Provided data –
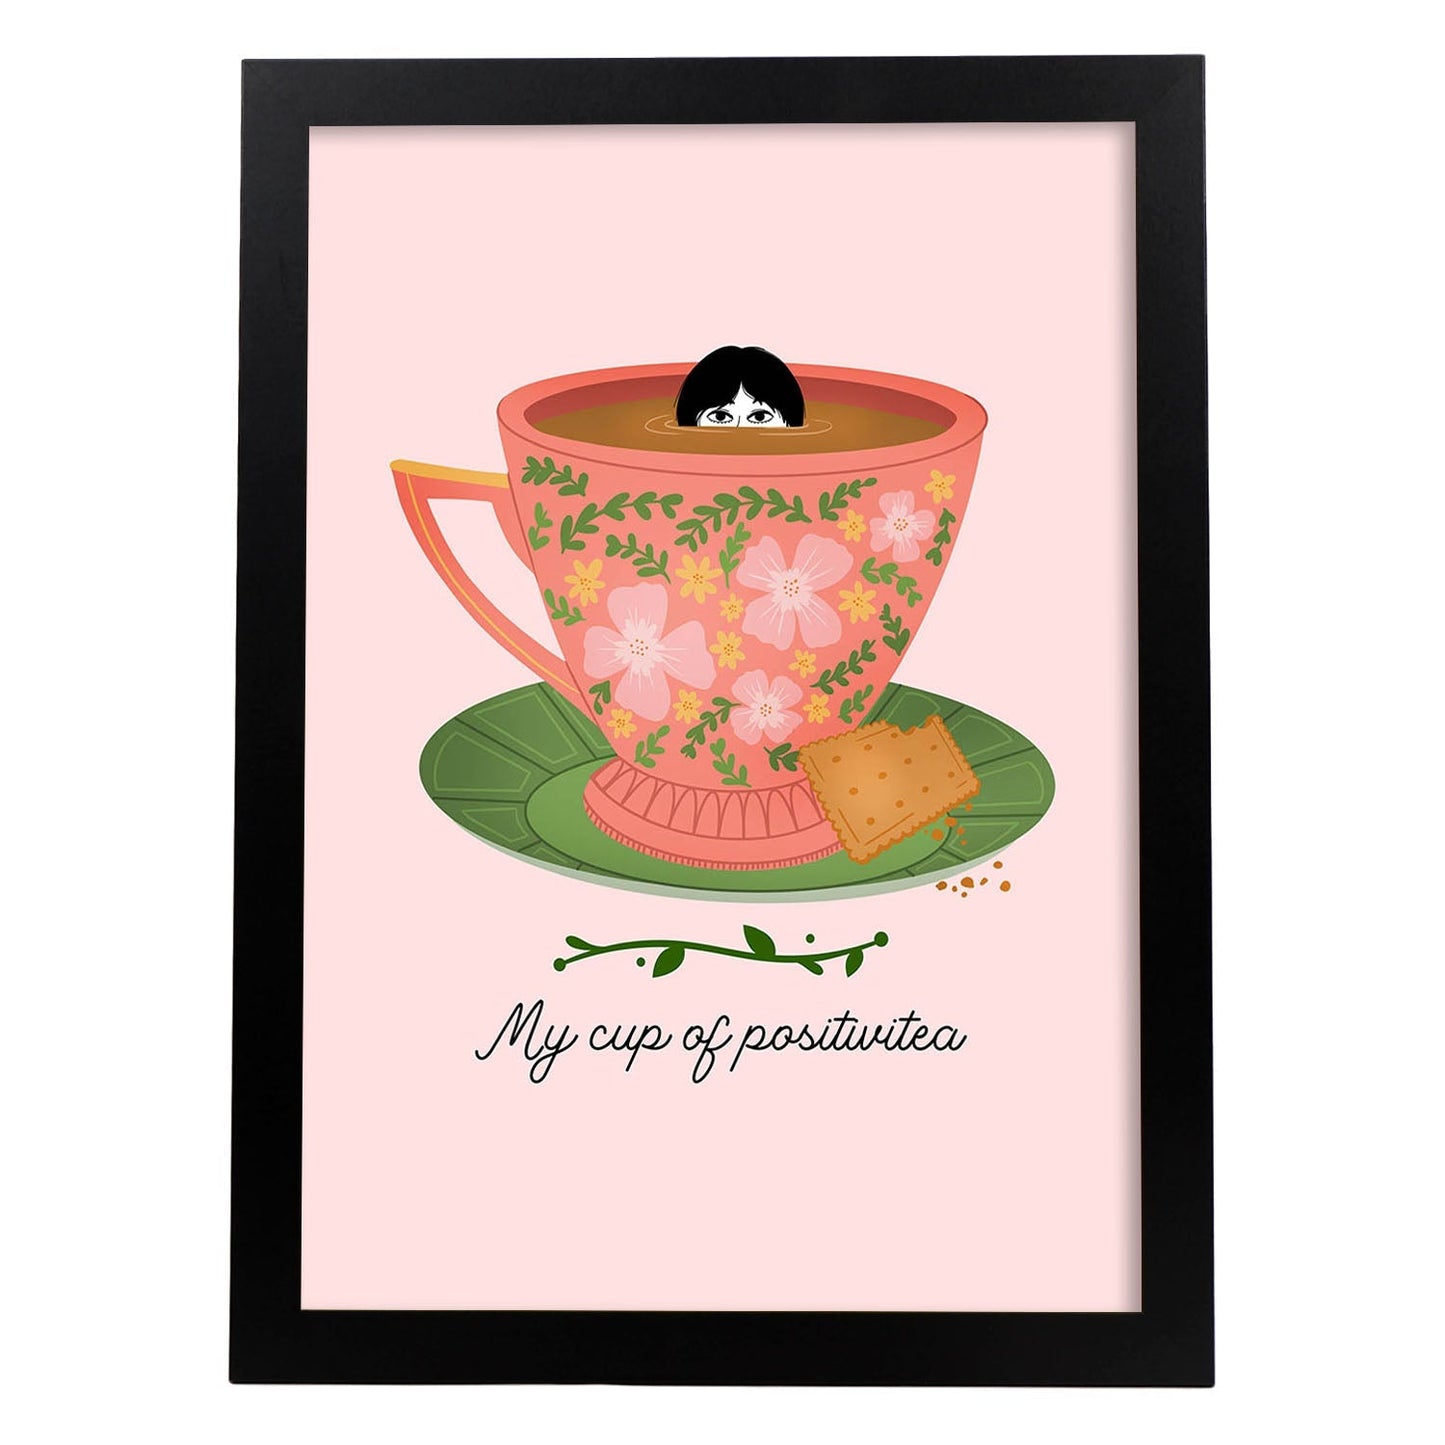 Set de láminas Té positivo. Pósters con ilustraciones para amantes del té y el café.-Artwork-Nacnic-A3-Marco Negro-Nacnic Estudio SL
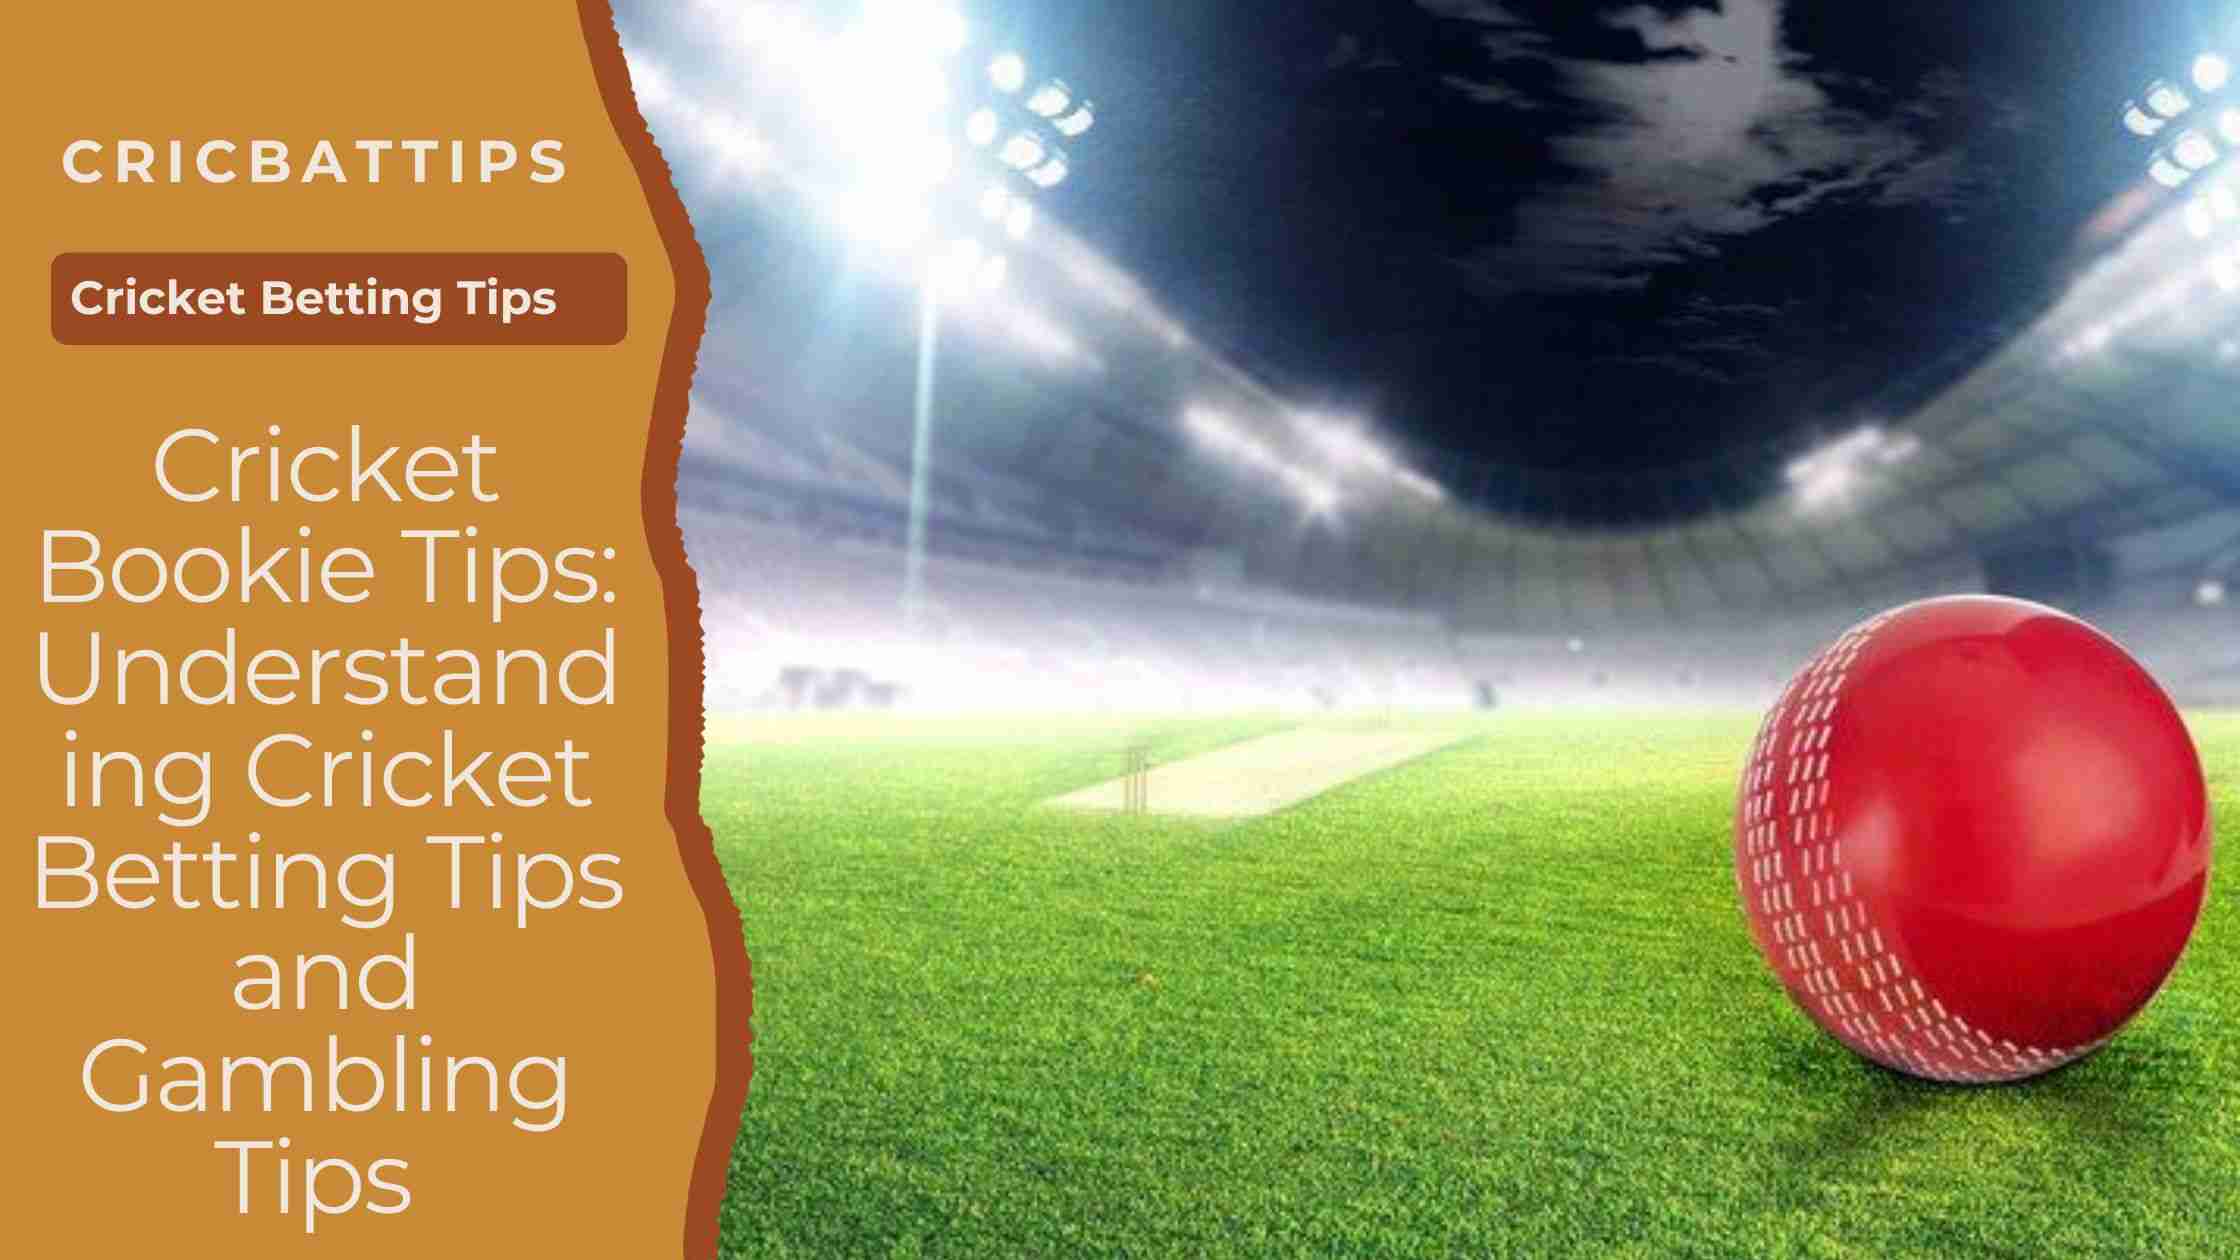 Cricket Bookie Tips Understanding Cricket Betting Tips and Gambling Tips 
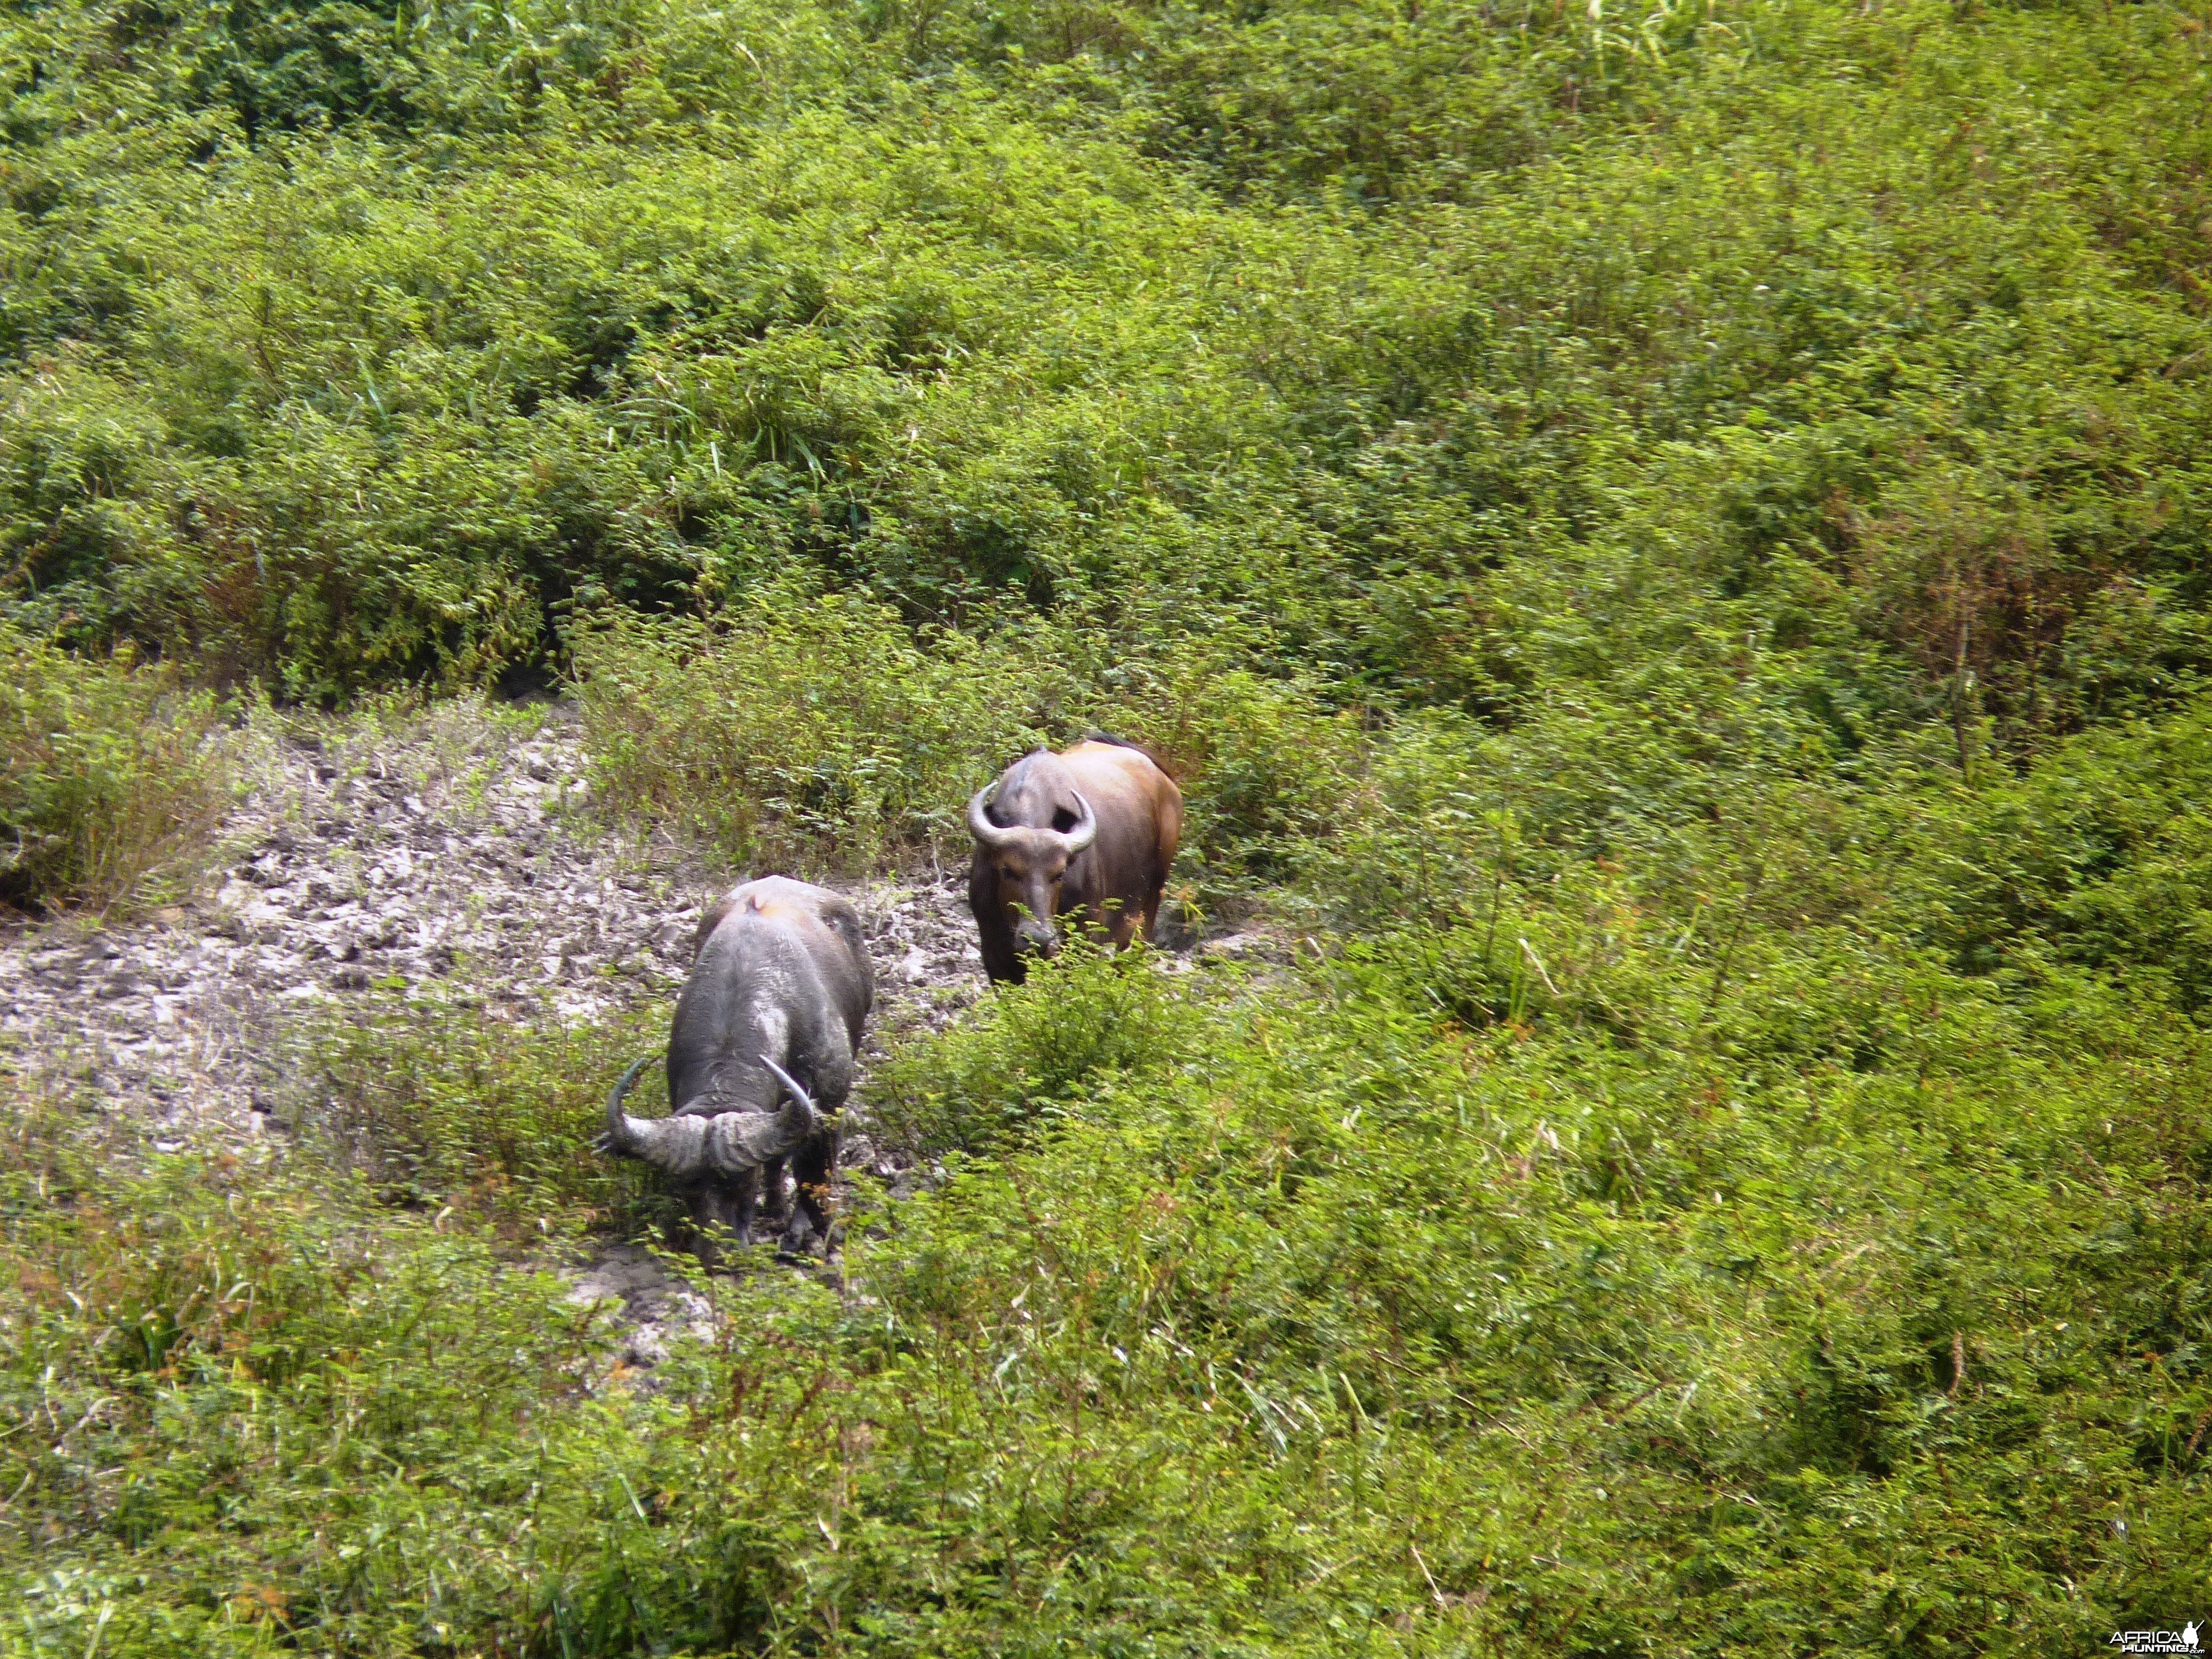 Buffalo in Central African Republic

Problem to solve – No picture should be included when the data are set down again exactly.

Solution –
 Set de láminas Té positivo. Pósters con ilustraciones para amantes del té y el café.-Artwork-Nacnic-A3-Marco Negro-Nacnic Estudio SL
 Cricket Bookie Tips Understanding Cricket Betting Tips and Gambling Tips 
 Buffalo in Central African Republic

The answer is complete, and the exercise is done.